SNP detection in Illumina GAII sequences is complicated by relatively high sequencing error rates, particularly at nucleotides 50–130 using the chemistry and base calling software available during the first half of 2009. SNP genotyping in Illumina GAII sequences is complicated by a continuous, albeit trimodal, distribution of frequencies of SNP- and reference-sequence-containing reads at a given location (Supplementary Fig. 12). To translate SNP- and reference-sequence-containing read frequencies into genotypes and to understand the sensitivity and specificity of SNP detection and genotyping, comparisons between array-based SNP genotypes and sequencing results were performed extensively. Unambiguous SNP genotypes from duplicate array hybridizations (with SNP calls and concordant genotypes in both replicates) were assessed to be true. Subsets of SNPs common to Affymetrix 6.0 arrays and sequence data sets were identified. Optimal SNP genotyping filters (those with maximal PPVs and near-optimal sensitivity) for each sequence data set were identified by determining the number of true positives, false positives and false negatives, and determining the PPV and sensitivity of all combinations of the following criteria: number of reads calling the SNP, number of uniquely aligning reads calling the SNP, percentage reads calling the SNP, average quality score (Q), and minimum quality score. To detect changes in SNP genotype, each possible genotype in a diploid genome was modelled (homozygous reference allele, heterozygote, and homozygous variant allele) and the optimal change in allele frequency was determined. Genomic SNP calling filters were >20% and >4 uniquely aligning reads with Q ≥ 20 (Supplementary Table 7). mRNA SNP calling filters were Q ≥ 20, presence in ≥20% and ≥2 reads and ≥1 uniquely aligning read. Nucleotides with coverage 11–44× and Q ≥ 20 were genotyped according to frequency cutoffs in Supplementary Table 8. Genotype differences were called where frequencies differed by >50%. These methods represent a refinement of those used previously15, and which were extensively validated by Sanger resequencing and genotyping arrays.

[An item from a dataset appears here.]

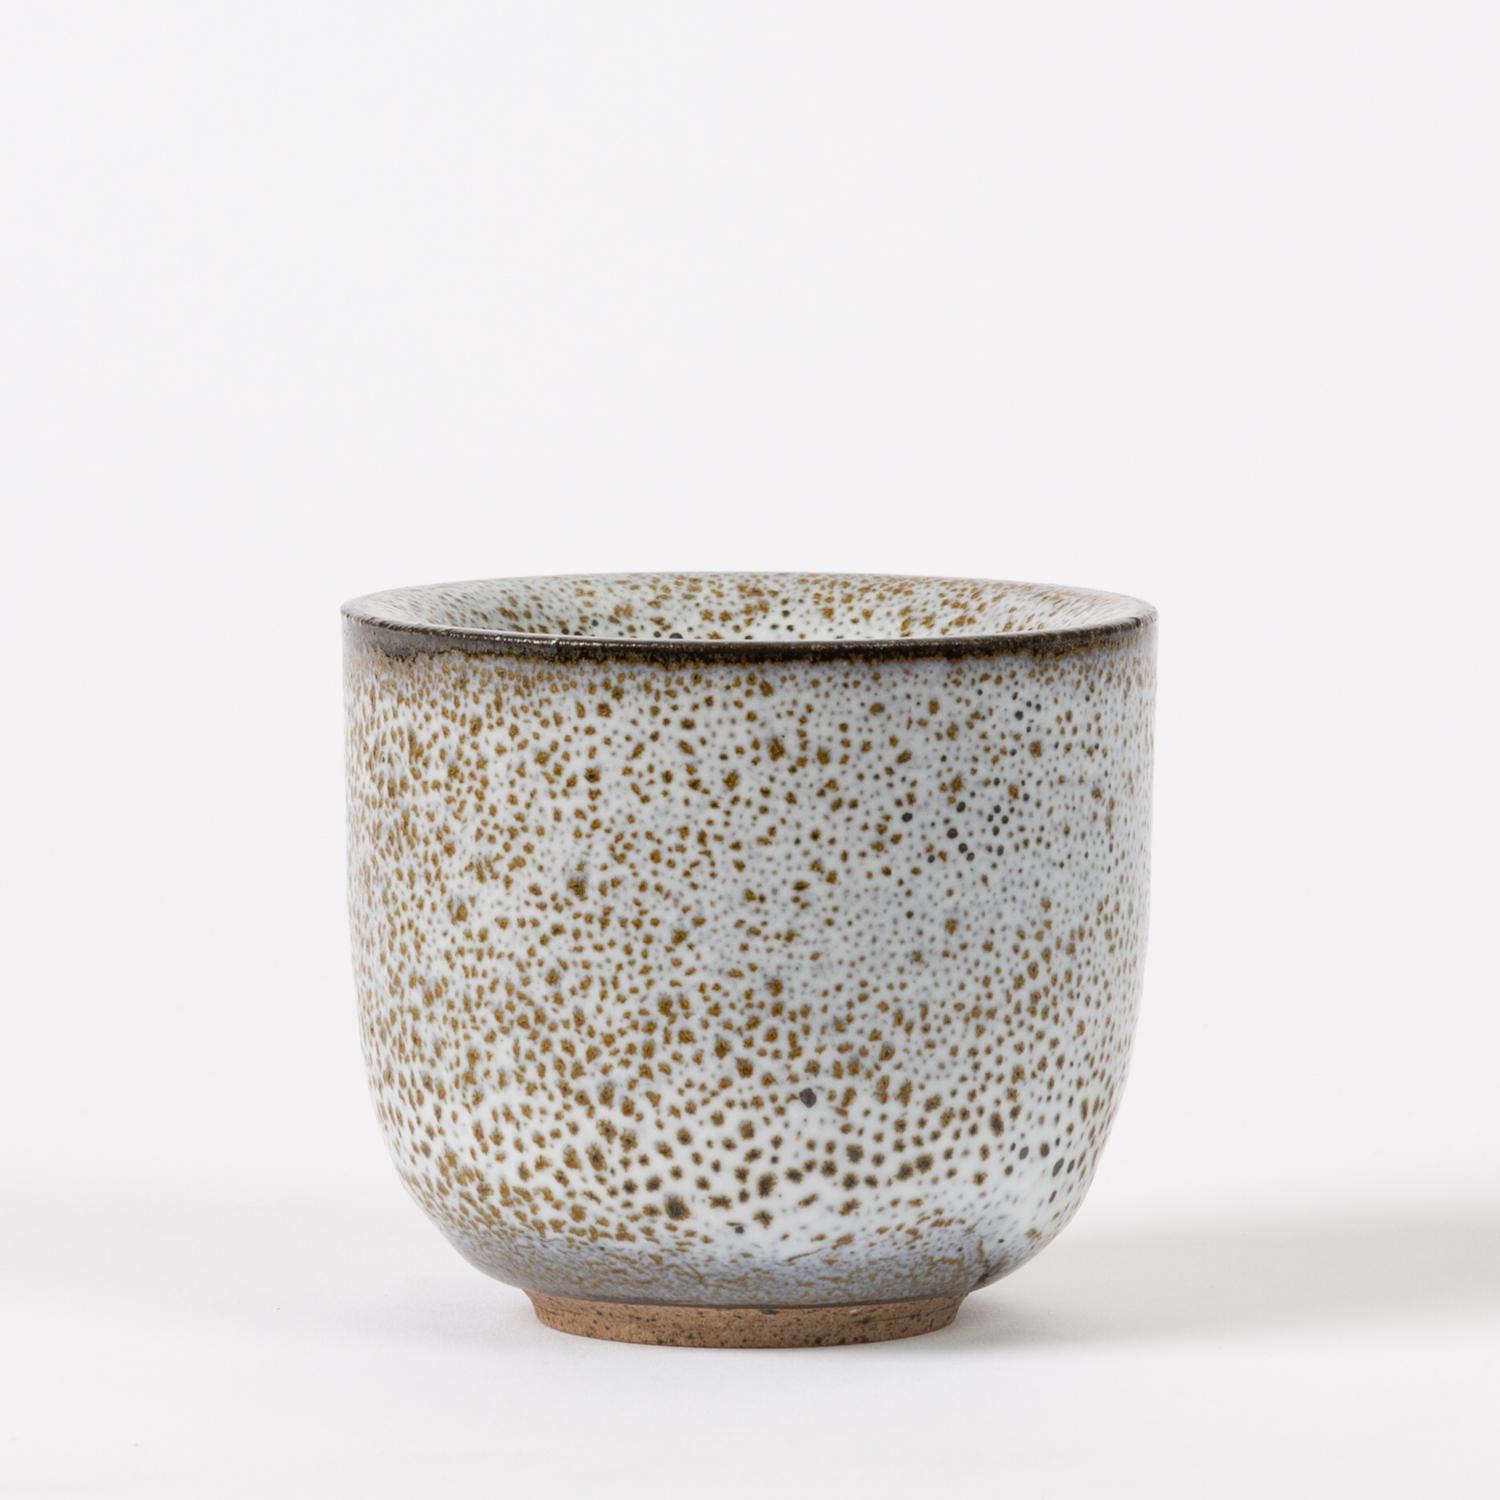 American Thick-Walled Studio Pottery Cup with Oil Spot Glaze

Identification of allele-specific expression

Allele-specific expression in mRNA sequences was identified by methods similar to those described25. Frequencies of frequencies of SNP- and reference-sequence-containing reads at a given heterozygous location in mRNA sequences are continuous, albeit unimodal (Supplementary Fig. 12), reflecting both random reference and variant-containing read sequencing, effects of clonal reads and allele-specific expression. Unambiguous heterozygous SNP locations in each individual were determined based on duplicate array hybridizations (with SNP calls and concordant genotypes in both replicates) and by the SNP calling criteria developed above. Allele-specific expression effects were assessed by application of genome-wide P values to significance testing of deviation from 50:50 read frequencies. Artefactual allele-specific expression associated with enrichment of clonal reads was evaluated for many, putative allele-specific expression SNPs by visualization of start and stop sites of reads using Alpheus. Artefactual allele-specific expression associated with bias in GSNAP alignment of reads containing or lacking specific SNPs was evaluated as discussed above.